#### Data extract

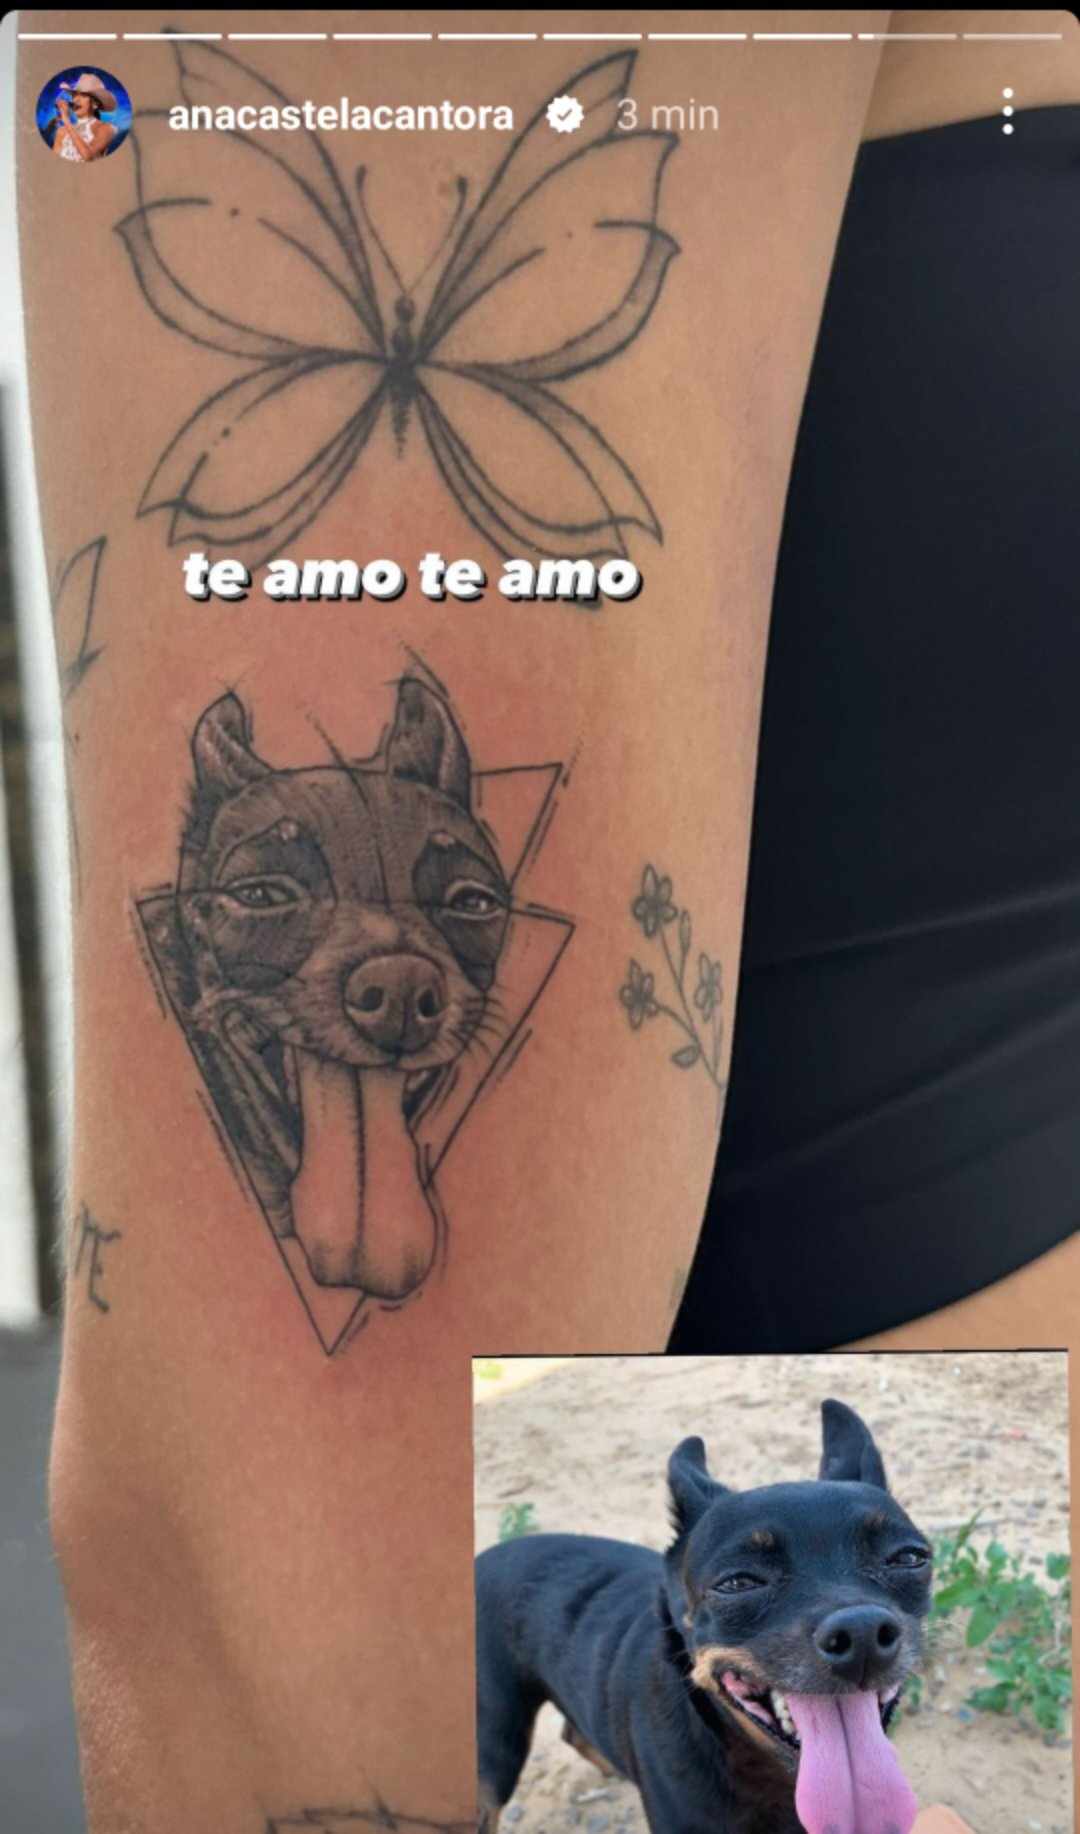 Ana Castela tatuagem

########
#### Data extract

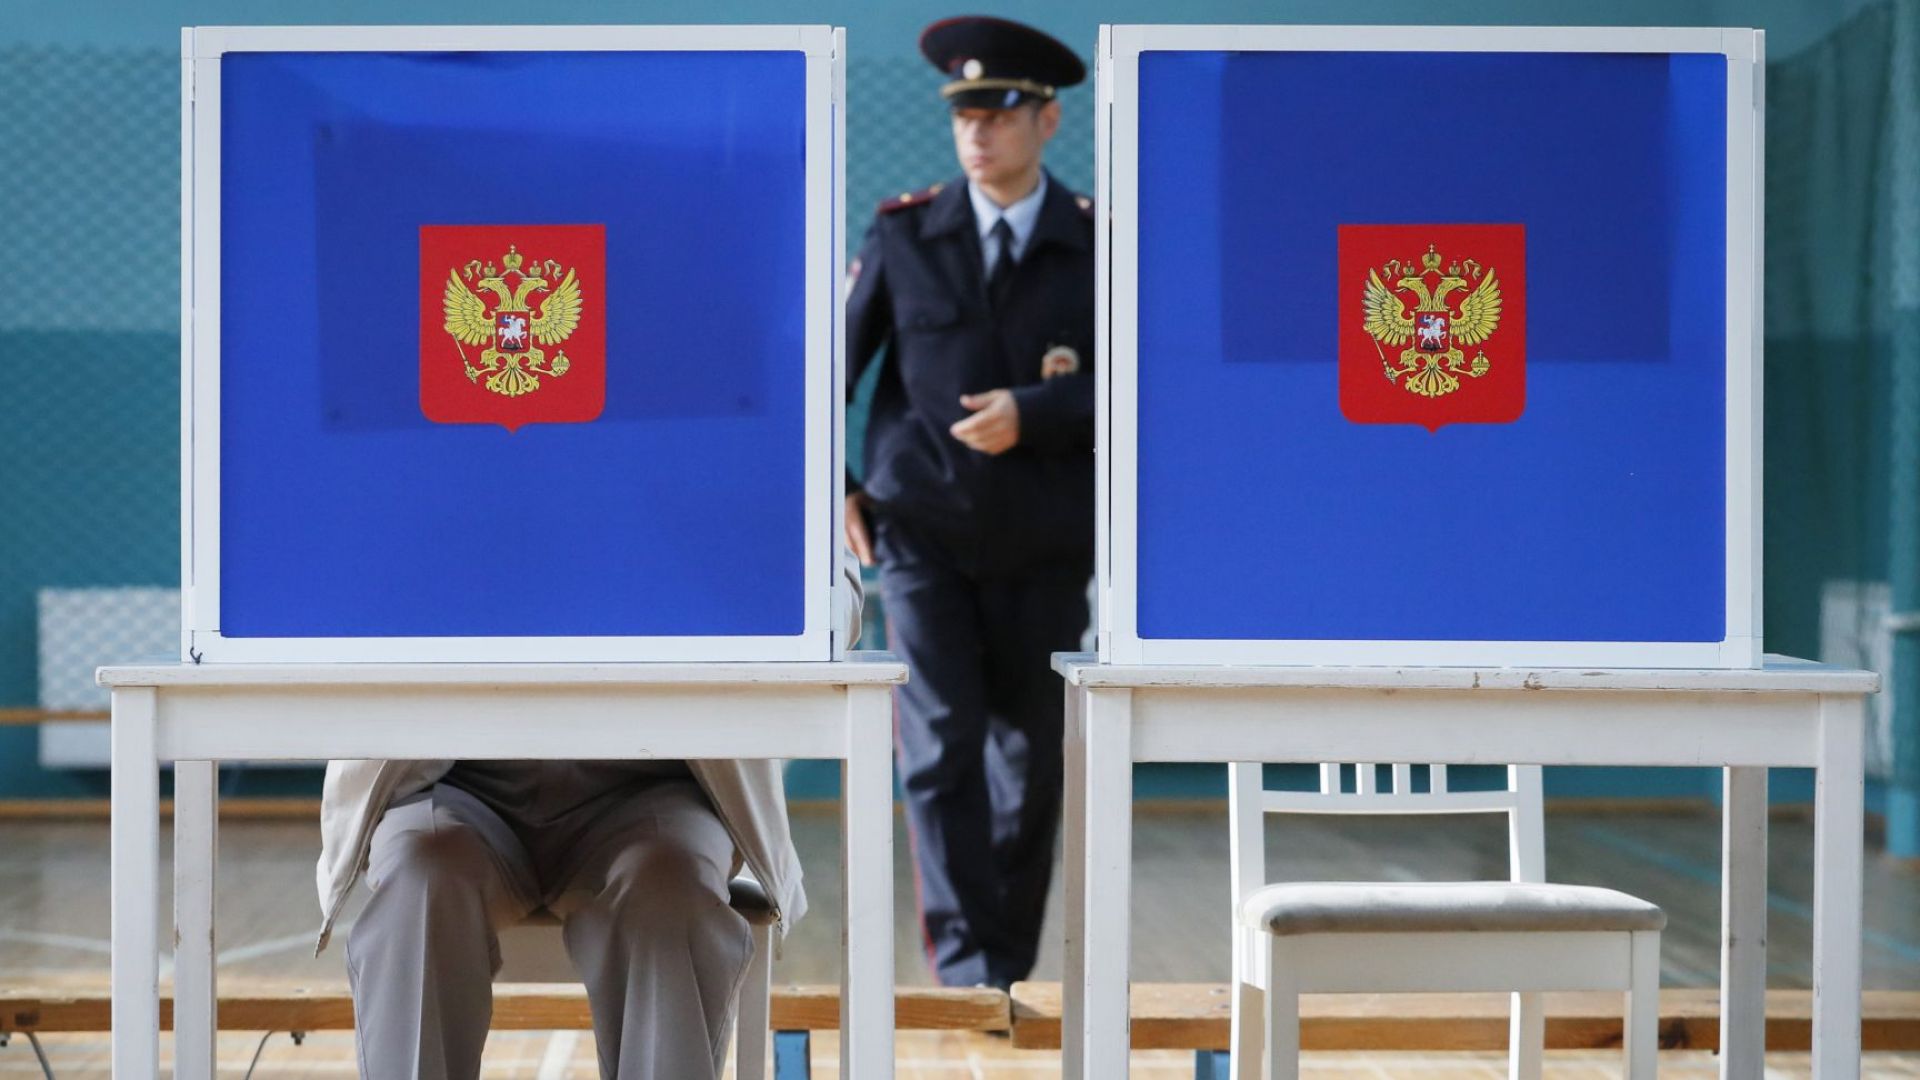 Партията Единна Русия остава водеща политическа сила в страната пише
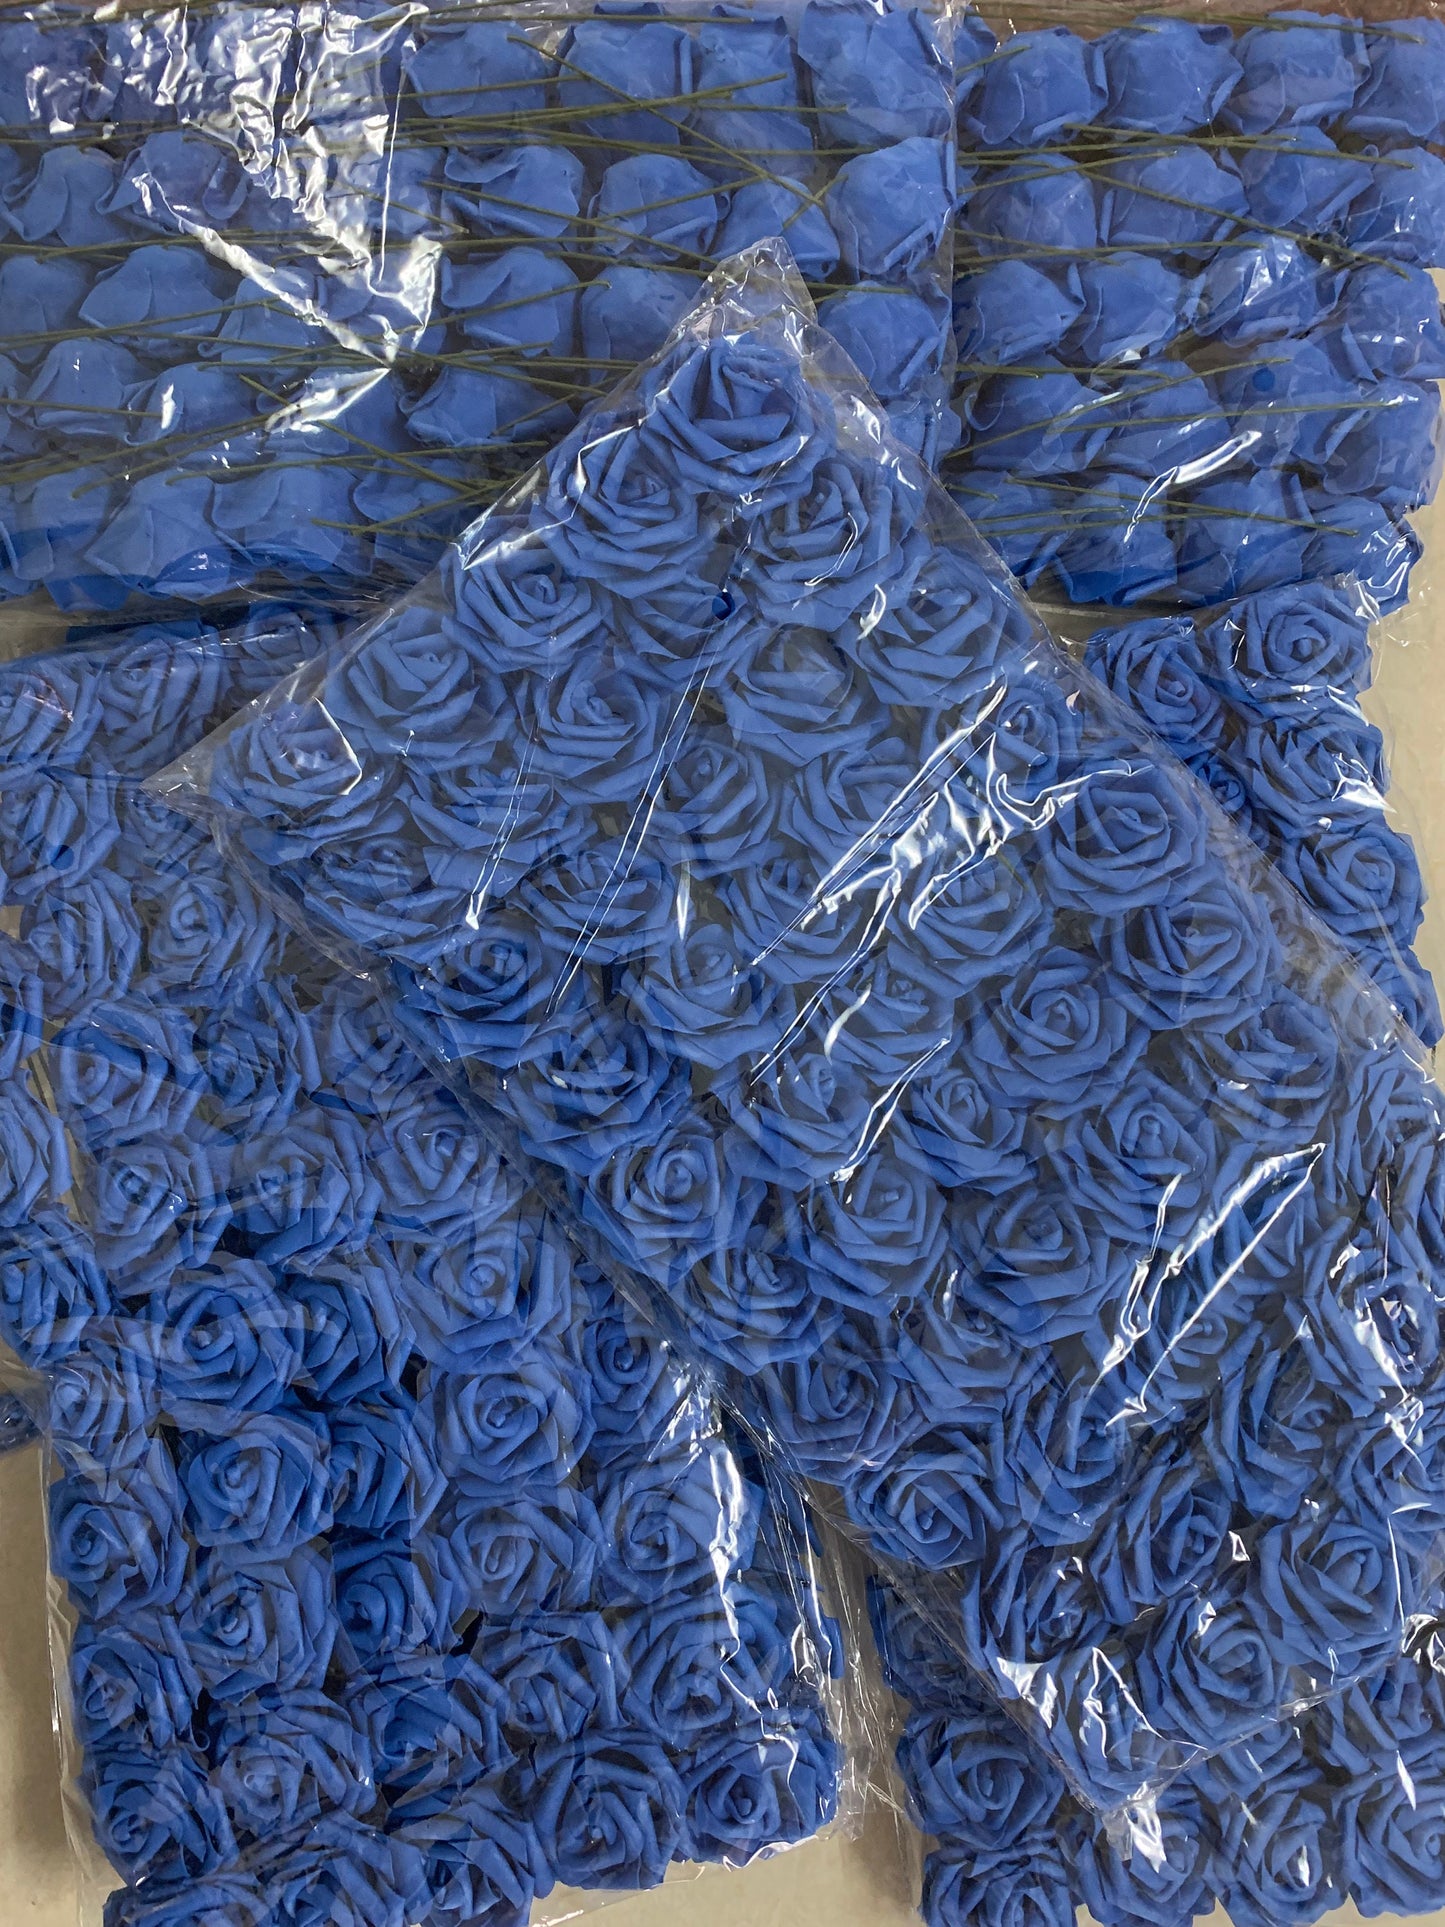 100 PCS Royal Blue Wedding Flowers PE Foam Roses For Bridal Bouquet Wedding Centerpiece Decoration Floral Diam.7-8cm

########
#### Data extract

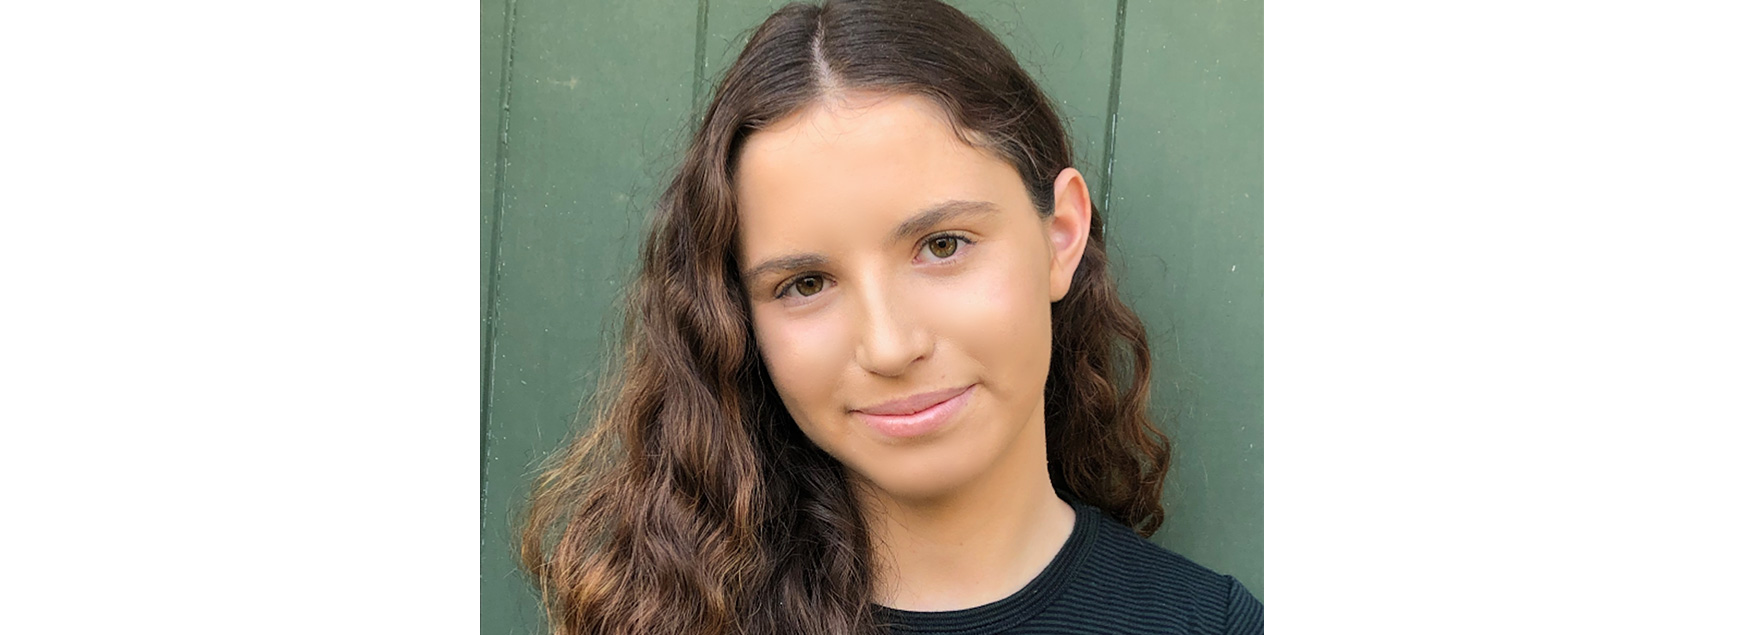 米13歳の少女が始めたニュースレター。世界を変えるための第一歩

########

• Task details: In the listing above, find the line containing "Партията Единна Русия" and the line containing "100 PCS Royal", then print exactly those two lines and every line between them, minus the pictures.

• Answer area:
 Партията Единна Русия остава водеща политическа сила в страната пише
 100 PCS Royal Blue Wedding Flowers PE Foam Roses For Bridal Bouquet Wedding Centerpiece Decoration Floral Diam.7-8cm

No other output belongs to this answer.